シリーズ累計10万部を超え、第一作『沈黙のWebマーケティング』の改訂版リリースも決定した、ハードボイルドWebマーケティングノベル『沈黙』シリーズ。その生みの親である、株式会社ウェブライダー 代表取締役 松尾茂起氏が登壇するイベント「全Webマーケター必見!沈黙シリーズのヒットを支えた『17の演出メソッド』一挙公開!」が開催されました。同社の広報 赤木遥奈氏、株式会社KDDIウェブコミュニケーションズ パフォーマンスマーケティング部 ゼネラルマネージャー 吉田崇氏とともに、制作当時の裏話などについて熱く語ります。本パートでは「それぞれの登場人物が持つ“役割”」などが話題に上っています。

それぞれの登場人物が持つ“役割”

松尾茂起氏:(『沈黙』シリーズが成功した8つの理由の)2つ目ですね。『沈黙』シリーズの特徴として、読者が自己投影しやすい登場人物があります。

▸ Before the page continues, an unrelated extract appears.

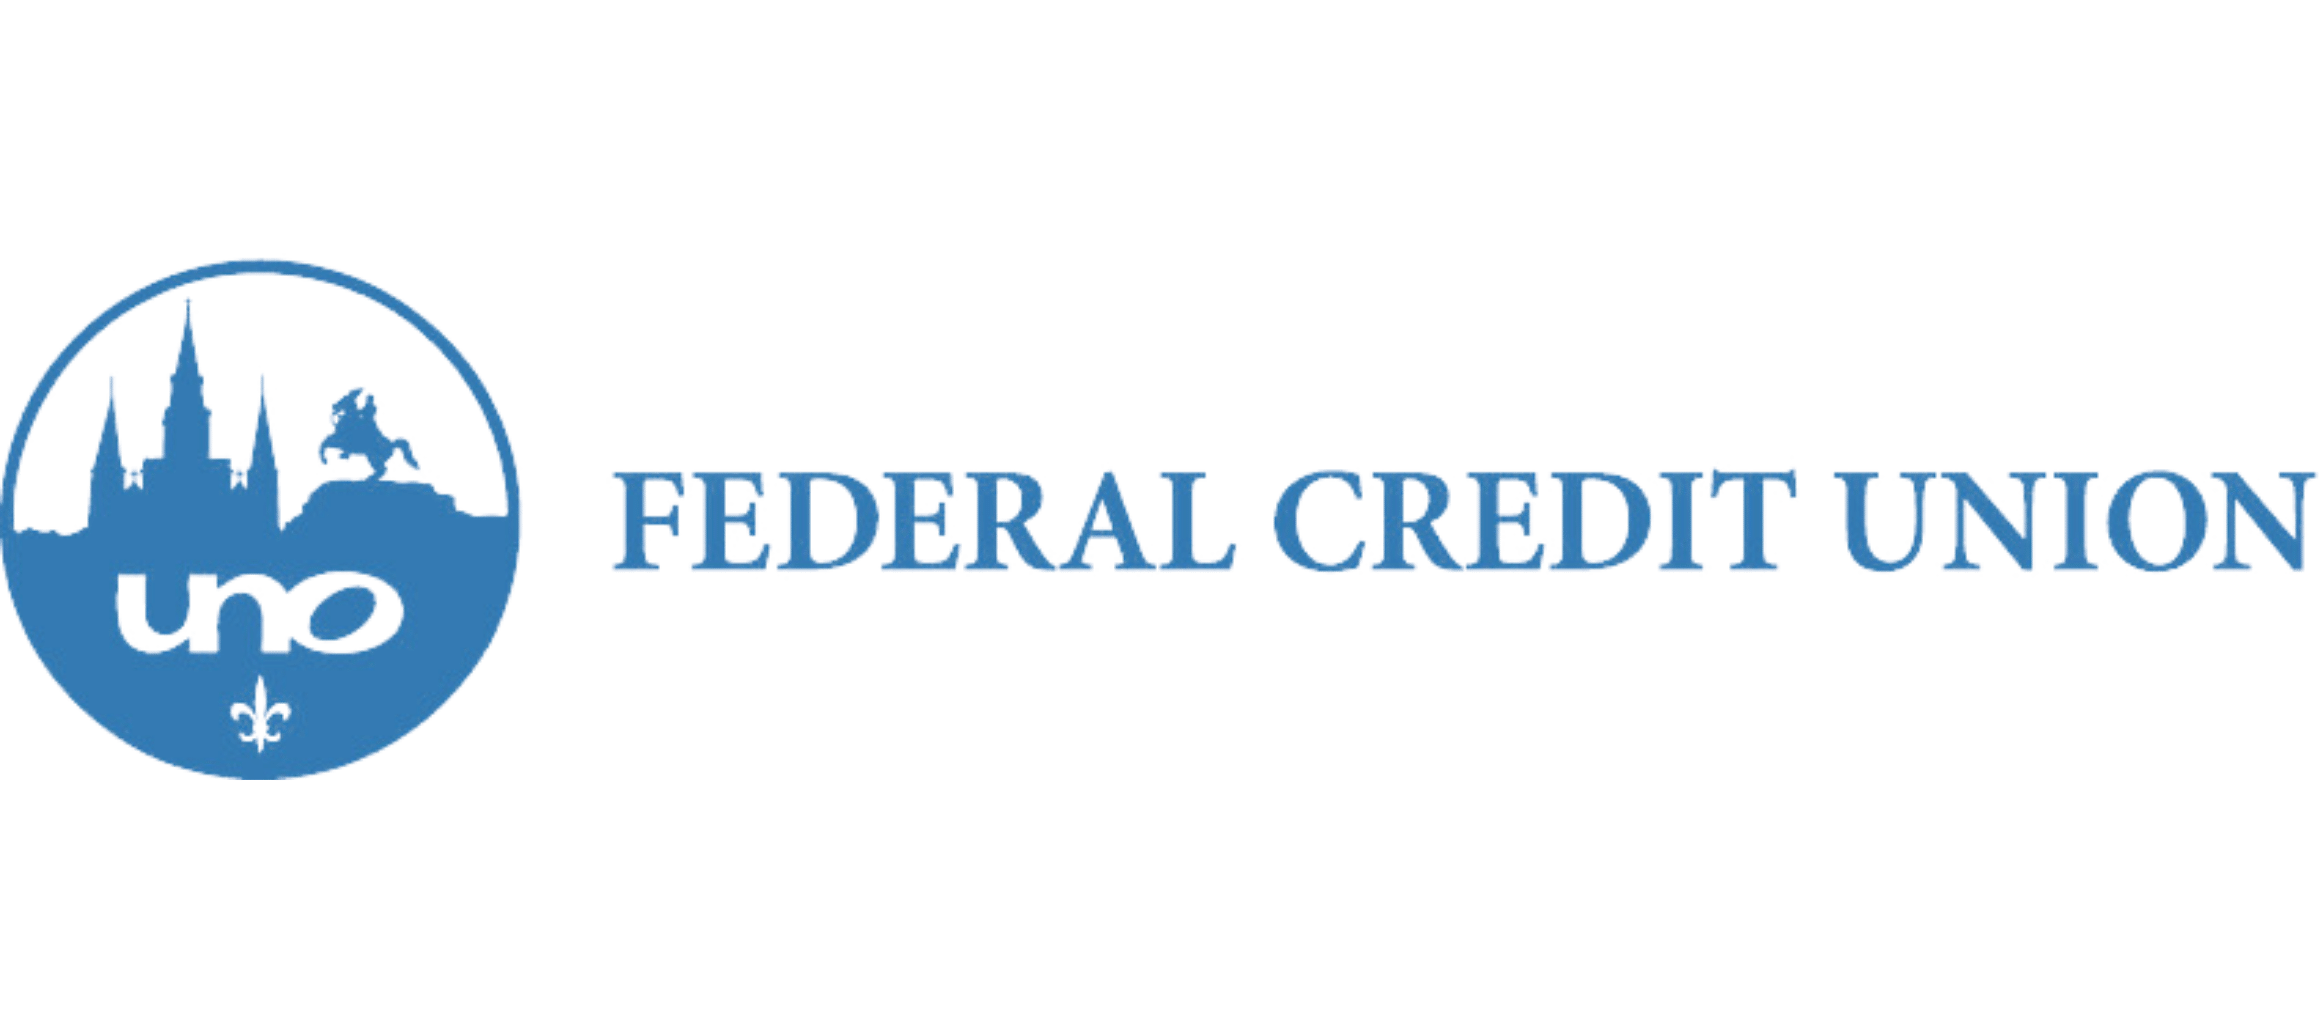 UNO Federal Credit Union
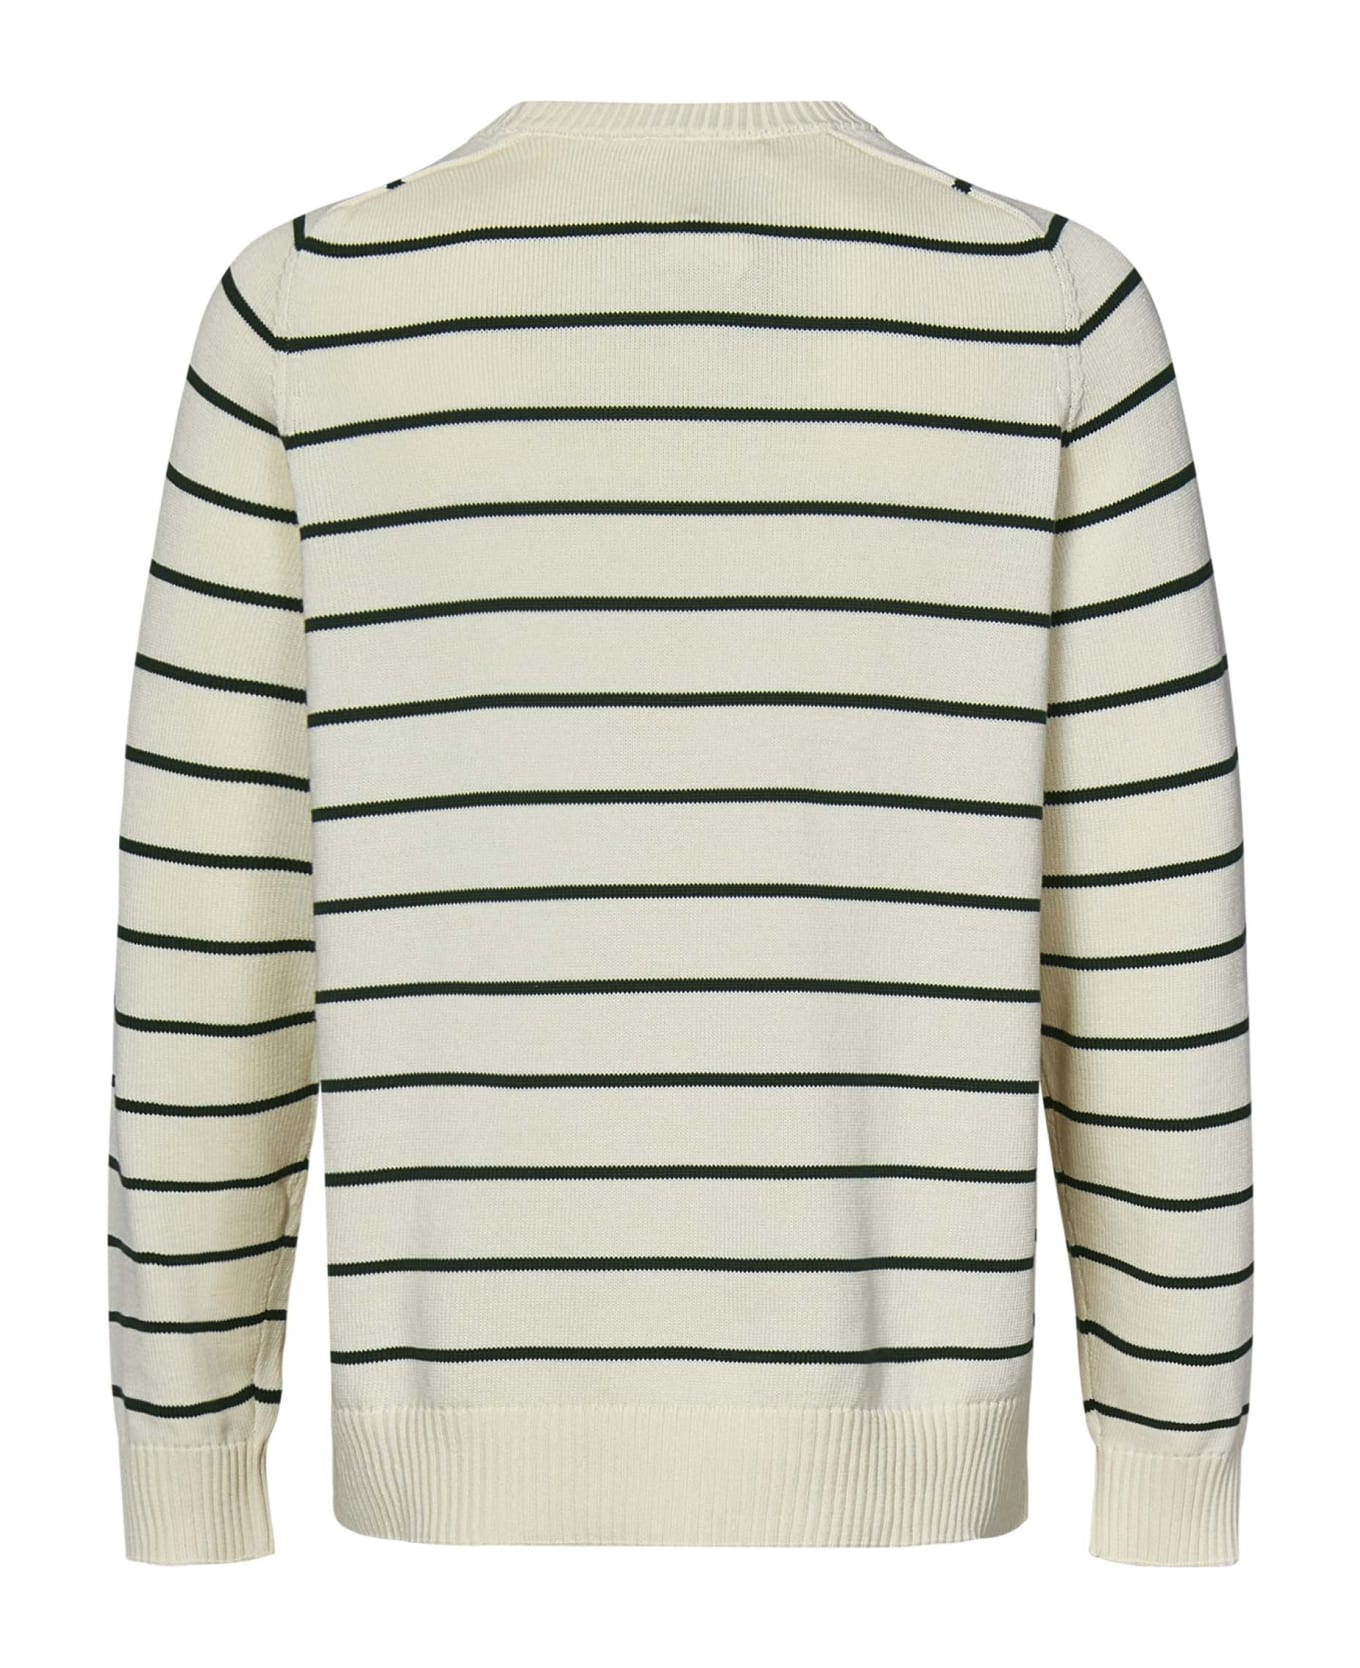 Lacoste Sweater - White

『沈黙』シリーズにはたくさんの登場人物がいます。これは『沈黙のWebマーケティング』の人物相関表です。適当に登場人物を出演させているわけではなく、みな役割を設けています。

『沈黙のWebマーケティング』の場合は、大先生がボーン・片桐。その大先生の話をよりわかりやすく、平易な言葉に置き換える役目がヴェロニカさん。マーケティングやったことないけど、この本で学ぼうと思う読者の人たちが感情を投影できるキャラクターとして、超初心者の松岡めぐみさん。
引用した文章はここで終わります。